So far, we have implemented two simple crawlers that take advantage of the structure of our sample website to download all published countries. These techniques should be used when available, because they minimize the number of web pages to download. However, for other websites, we need to make our crawler act more like a typical user and follow links to reach the interesting content.
We could simply download the entire website by following every link. However, this would likely download many web pages we don't need. For example, to scrape user account details from an online forum, only account pages need to be downloaded and not discussion threads. The link crawler we use in this chapter will use regular expressions to determine which web pages it should download. Here is an initial version of the code:
import re
def link_crawler(start_url, link_regex):
""" Crawl from the given start URL following links matched by link_regex
"""
crawl_queue = [start_url]
while crawl_queue:
url = crawl_queue.pop()
html = download(url)
if html is not None:
continue
# filter for links matching our regular expression
for link in get_links(html):
if re.match(link_regex, link):
crawl_queue.append(link)
def get_links(html):
""" Return a list of links from html
"""
# a regular expression to extract all links from the webpage
webpage_regex = re.compile("""<a[^>]+href=["'](.*?)["']""", re.IGNORECASE)
# list of all links from the webpage
return webpage_regex.findall(html)
To run this code, simply call the link_crawler function with the URL of the website you want to crawl and a regular expression to match links you want to follow. For the example website, we want to crawl the index with the list of countries and the countries themselves.
We know from looking at the site that the index links follow this format:
The country web pages follow this format:
So a simple regular expression to match both types of web page is /(index|view)/. What happens when the crawler is run with these inputs? You receive the following download error:
>>> link_crawler('http://example.webscraping.com', '/(index|view)/')
Downloading: http://example.webscraping.com
Downloading: /index/1
Traceback (most recent call last):
...
ValueError: unknown url type: /index/1
Regular expressions are great tools for extracting information from strings, and I recommend every programmer
learn how to read and write a few of them. That said, they tend to be quite brittle and easily break. We'll cover more advanced ways to extract links and identify their pages as we advance through the book.

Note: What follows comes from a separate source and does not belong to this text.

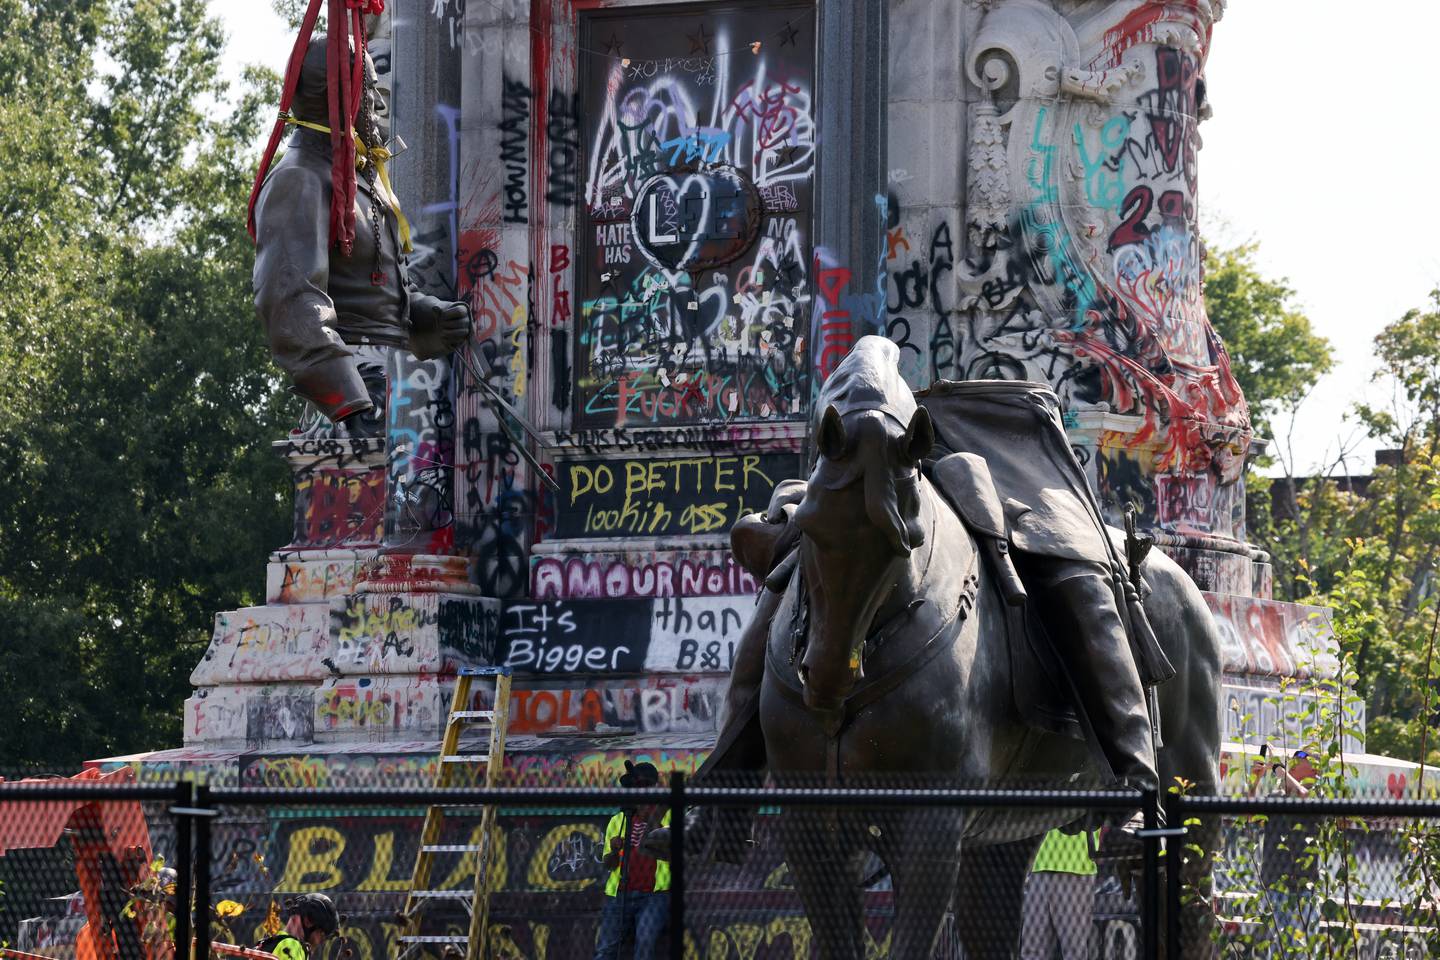 The pedestal has been covered by constantly evolving, colourful graffiti. Reuters
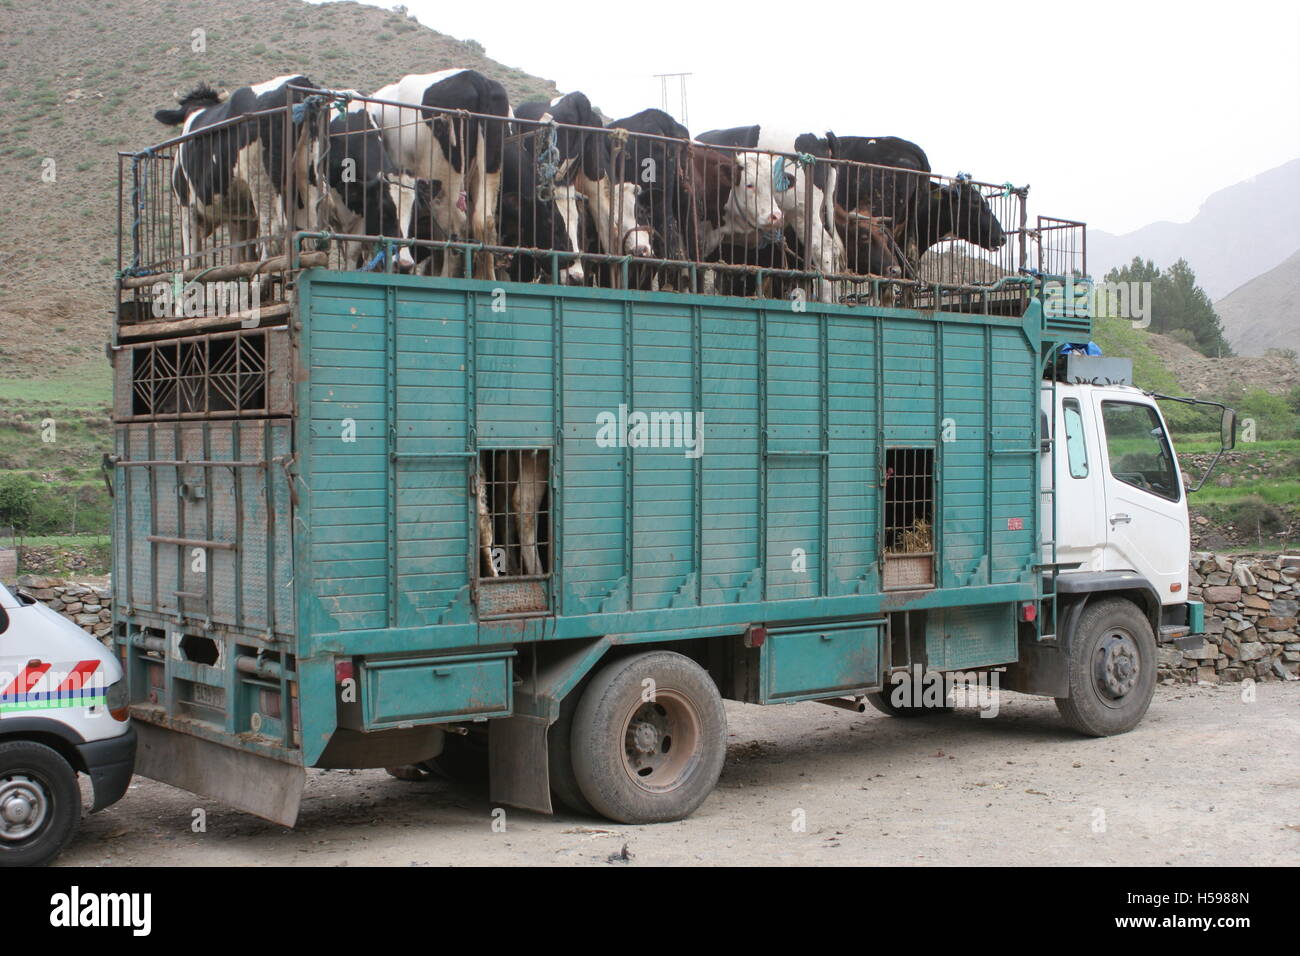 Cattle are transported both inside and on the roof of an aging truck in Southern Morocco, Africa Stock Photo

The problem with downloading /index/1 is that it only includes the path of the web page and leaves out the protocol and server, which is known as a relative link. Relative links work when browsing because the web browser knows which web page you are currently viewing and takes the steps necessary to resolve the link. However, urllib doesn't have this context. To help urllib locate the web page, we need to convert this link into an absolute link, which includes all the details to locate the web page. As might be expected, Python includes a module in urllib to do just this, called parse. Here is an improved version of link_crawler that uses the urljoin method to create the absolute links:
from urllib.parse import urljoin
def link_crawler(start_url, link_regex):
""" Crawl from the given start URL following links matched by link_regex
"""
crawl_queue = [start_url]
while crawl_queue:
url = crawl_queue.pop()
html = download(url)
if not html:
continue
for link in get_links(html):
if re.match(link_regex, link):
abs_link = urljoin(start_url, link)
crawl_queue.append(abs_link)
When this example is run, you can see it downloads the matching web pages; however, it keeps downloading the same locations over and over. The reason for this behavior is that these locations have links to each other. For example, Australia links to Antarctica and Antarctica links back to Australia, so the crawler will continue to queue the URLs and never reach the end of the queue. To prevent re-crawling the same links, we need to keep track of what's already been crawled. The following updated version of link_crawler stores the URLs seen before, to avoid downloading duplicates:
def link_crawler(start_url, link_regex):
crawl_queue = [start_url]
# keep track which URL's have seen before
seen = set(crawl_queue)
while crawl_queue:
url = crawl_queue.pop()
html = download(url)
if not html:
continue
for link in get_links(html):
# check if link matches expected regex
if re.match(link_regex, link):
abs_link = urljoin(start_url, link)
# check if have already seen this link
if abs_link not in seen:
seen.add(abs_link)
crawl_queue.append(abs_link)
When this script is run, it will crawl the locations and then stop as expected. We finally have a working link crawler!